Abu Michnaf sagt: Da versammelten sich die Einwohner von Scheizar alt und jung und einige sagten: lieben Leute! Gott verabscheuet den Aufruhr und dieser Kopf ist schon durch die anderen Städte gekommen, ohne dass sich jemand widersetzt hat, so lasst ihn auch durch unsere Stadt führen; dagegen erwiderten die jüngeren Männer: verdammt seid ihr und euer Vorschlag! bei Gott, das wird niemals geschehen, oder wir werden bis auf den letzten Mann getötet. Sie griffen nach den Schwertern und befestigten sie in die Gehenke, nach den Schilden und hingen sie über die Schultern und nach den Lanzen und steckten sie an den Knien fest, und als die Alten dies sahen, widersprachen sie nicht weiter und besetzten die Brücke. Chaula versuchte noch sie zu überreden davon abzustehen, aber sie griffen mit den Waffen an , er rief seine Leute herbei , es kam zu einem heftigen Kampfe, worin Chaula 86 Mann, die von Scheizar 5 Mann verloren. Umm Kulthum fragte nach dem Namen der Stadt, man nannte ihr Scheizar, da sprach sie: Gott möge ihren Trunk versüßen, den Preis ihres Getreides gering werden lassen und sie aus den Händen ihrer Unterdrücker befreien. — Abu Michnaf setzt hinzu : und wenn die Welt von Tyrannei und Unrecht ganz voll wäre, so lasse er ihnen nur Gutes lind Gerechtes zu Teil werden!

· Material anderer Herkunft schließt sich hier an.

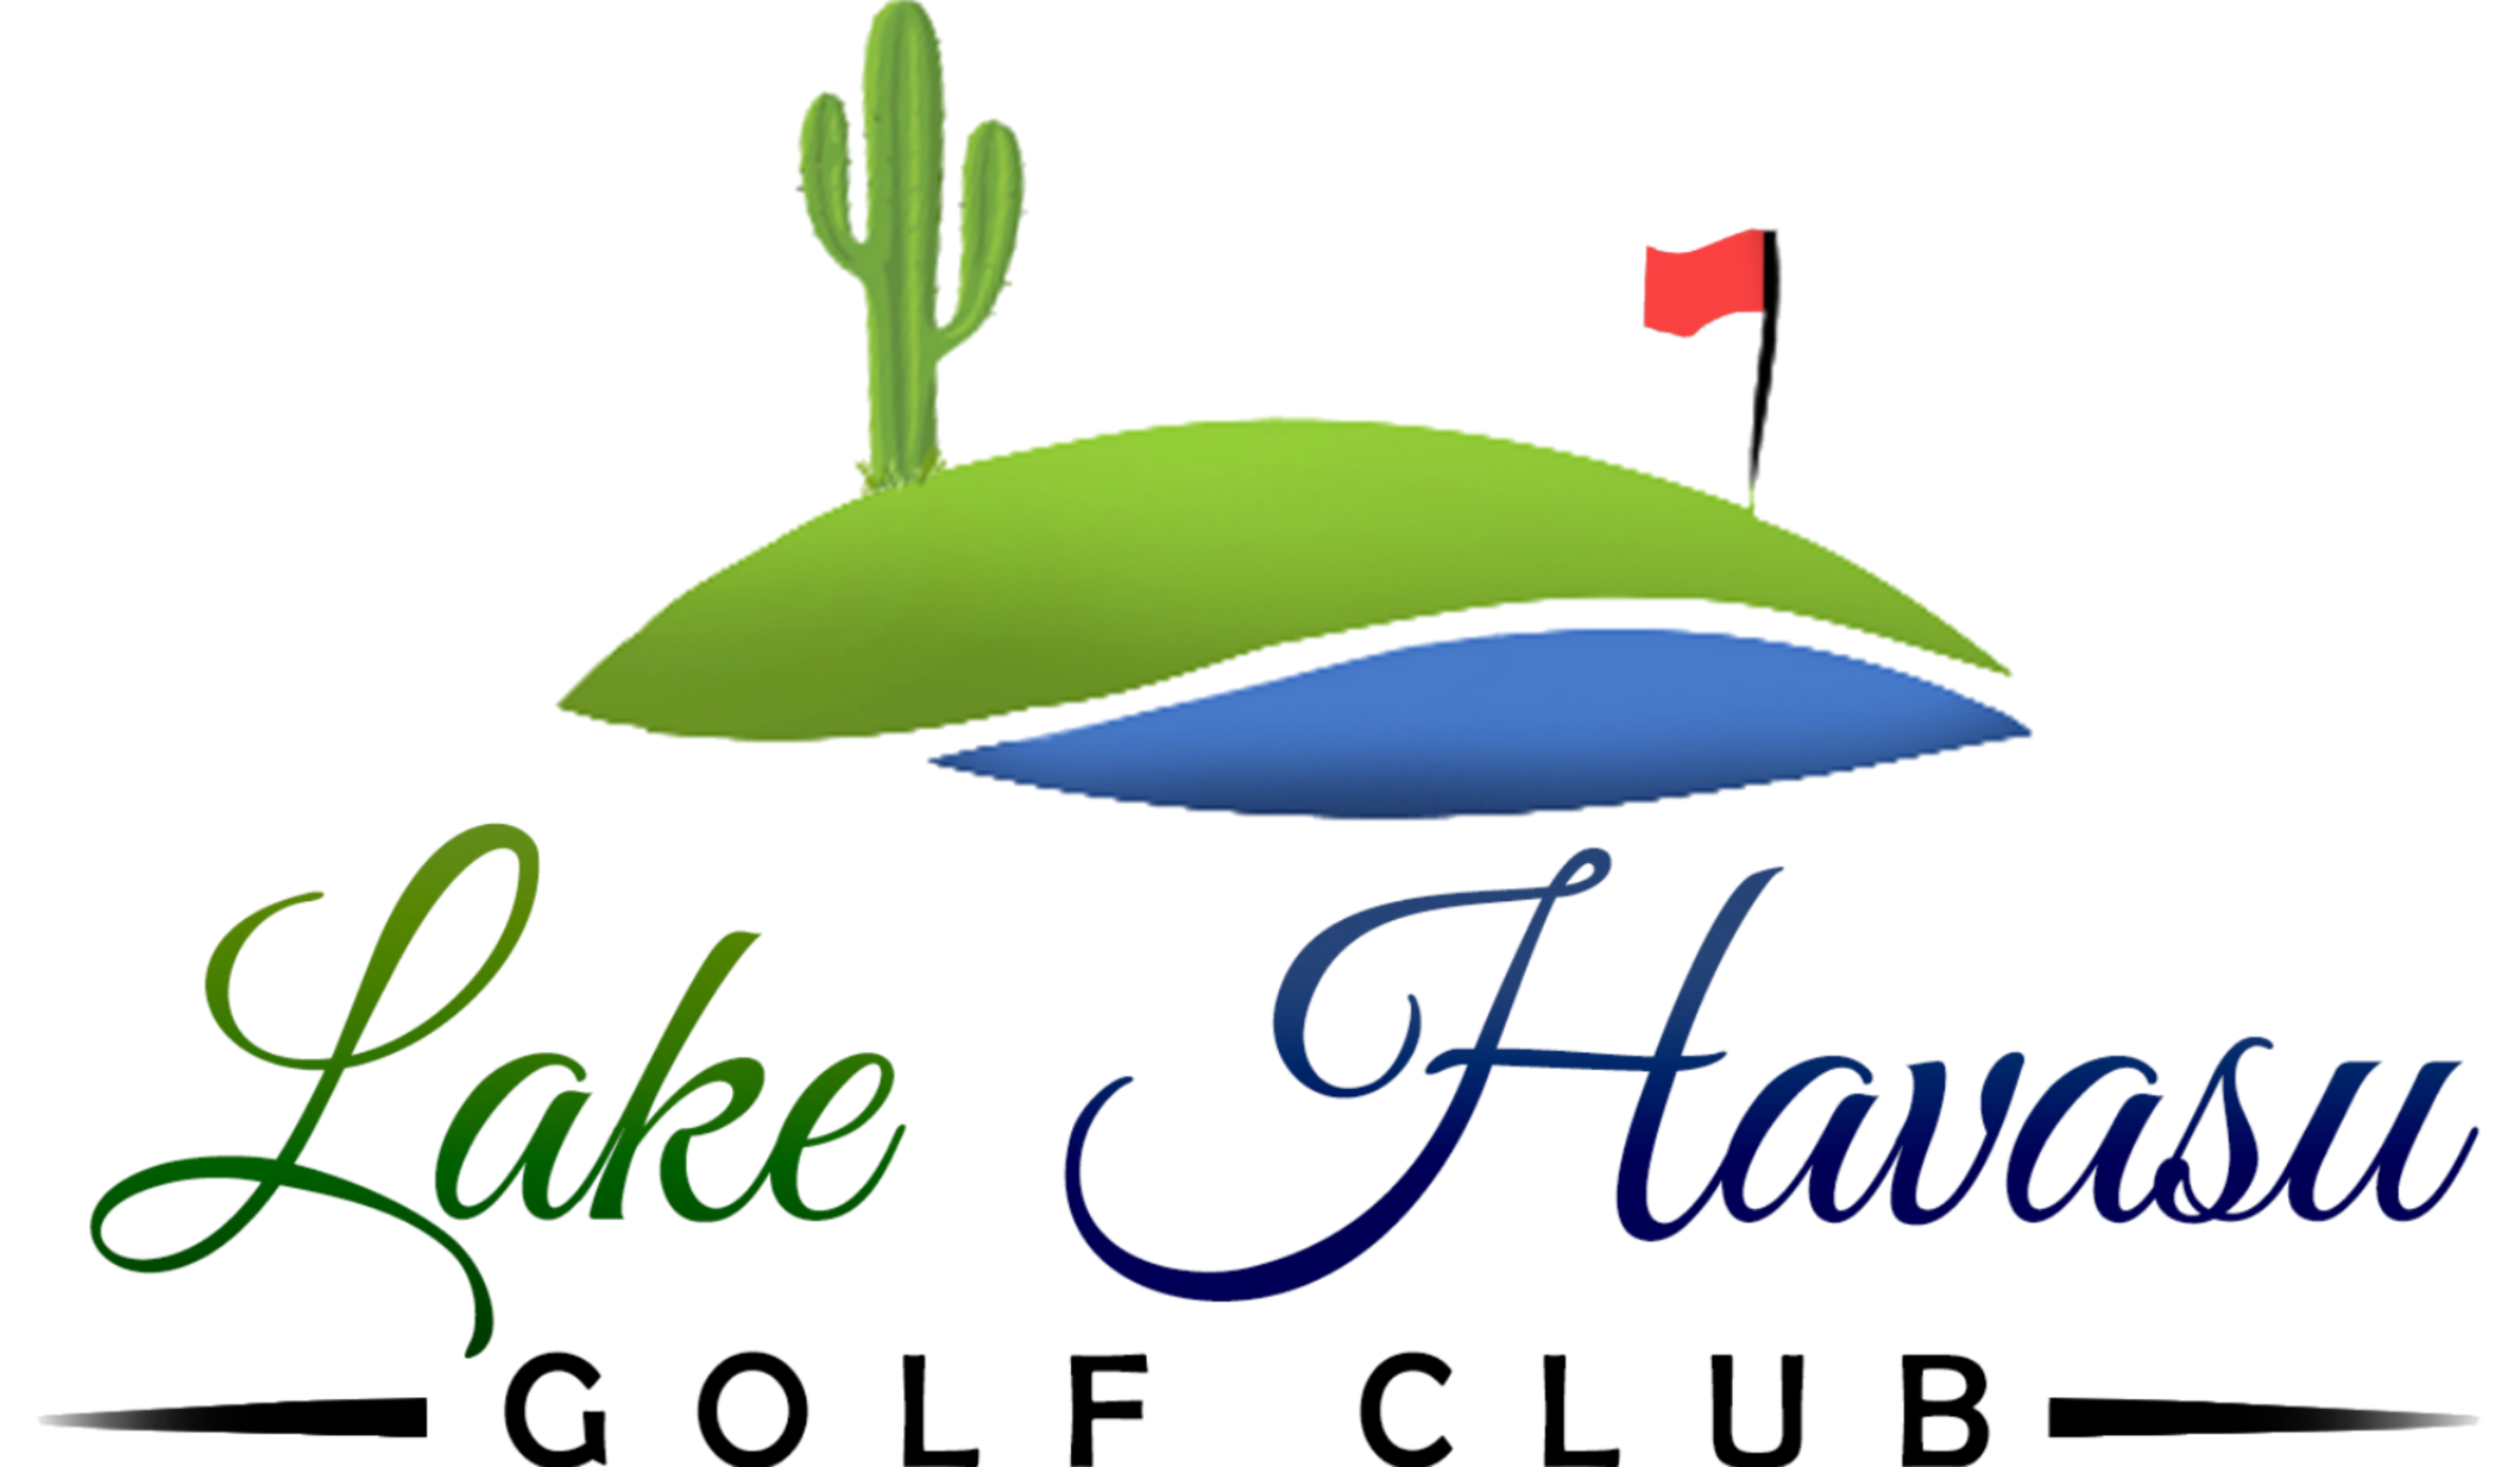 Lake Havasu Golf Club

Sie kamen nach Hamat, da schlössen ihnen die Einwohner die Thore vor ihren Augen, besetzten die Mauern und sprachen: wir haben uns durch einen Eid verbunden , dass niemand zu uns hereinkommen soll. Deshalb zogen sie weiter nach den beiden Rakka und schrieben an den Kommandanten von Himc ihnen entgegen zu kommen, weil sie den Kopf des Husein ben 'Ali mit sich führten. Der dortige Emir war (L ein Bruder des) Chalid ben el-Naschit; als er das Schreiben gelesen hatte, ließ er die Fahnen entfalten und ging ihnen drei Meilen weit entgegen; sie trugen den Kopf auf der Lanze zur Schau und kamen damit bis Himc; am Stadttore entstand ein Gedränge, die Leute warfen mit Steinen, sodass 26 Mann am Thore tot blieben. Sie wandten sich nun nach dem östlichen Thore , das wurde ihnen vor den Augen geschlossen und man sagte ihnen: ihr Leute! Unglauben nach dem Glauben? oder Irrweg nach dem rechten Wege ? der Kopf Huseins des Sohnes der Tochter unseres Propheten sollte durch unsere Stadt geführt werden? das wird niemals geschehen. Sie brachten ihn zurück bis an das Tadmor-Thor und zogen hier mit ihm ein, die Standarten und Fahnen voran. Bei der Kirche St. Georgs, wo die Wohnung (des Bruders) des Chalid ben el-Naschit war, wurde Halt gemacht, die Thoren und Übelgesinnten klatschten in die Hände, drückten ihre Freude aus und sagten : dies ist der Kopf des Rebellen, der sich gegen den Chalifen Jazid ben Muawija empört hat.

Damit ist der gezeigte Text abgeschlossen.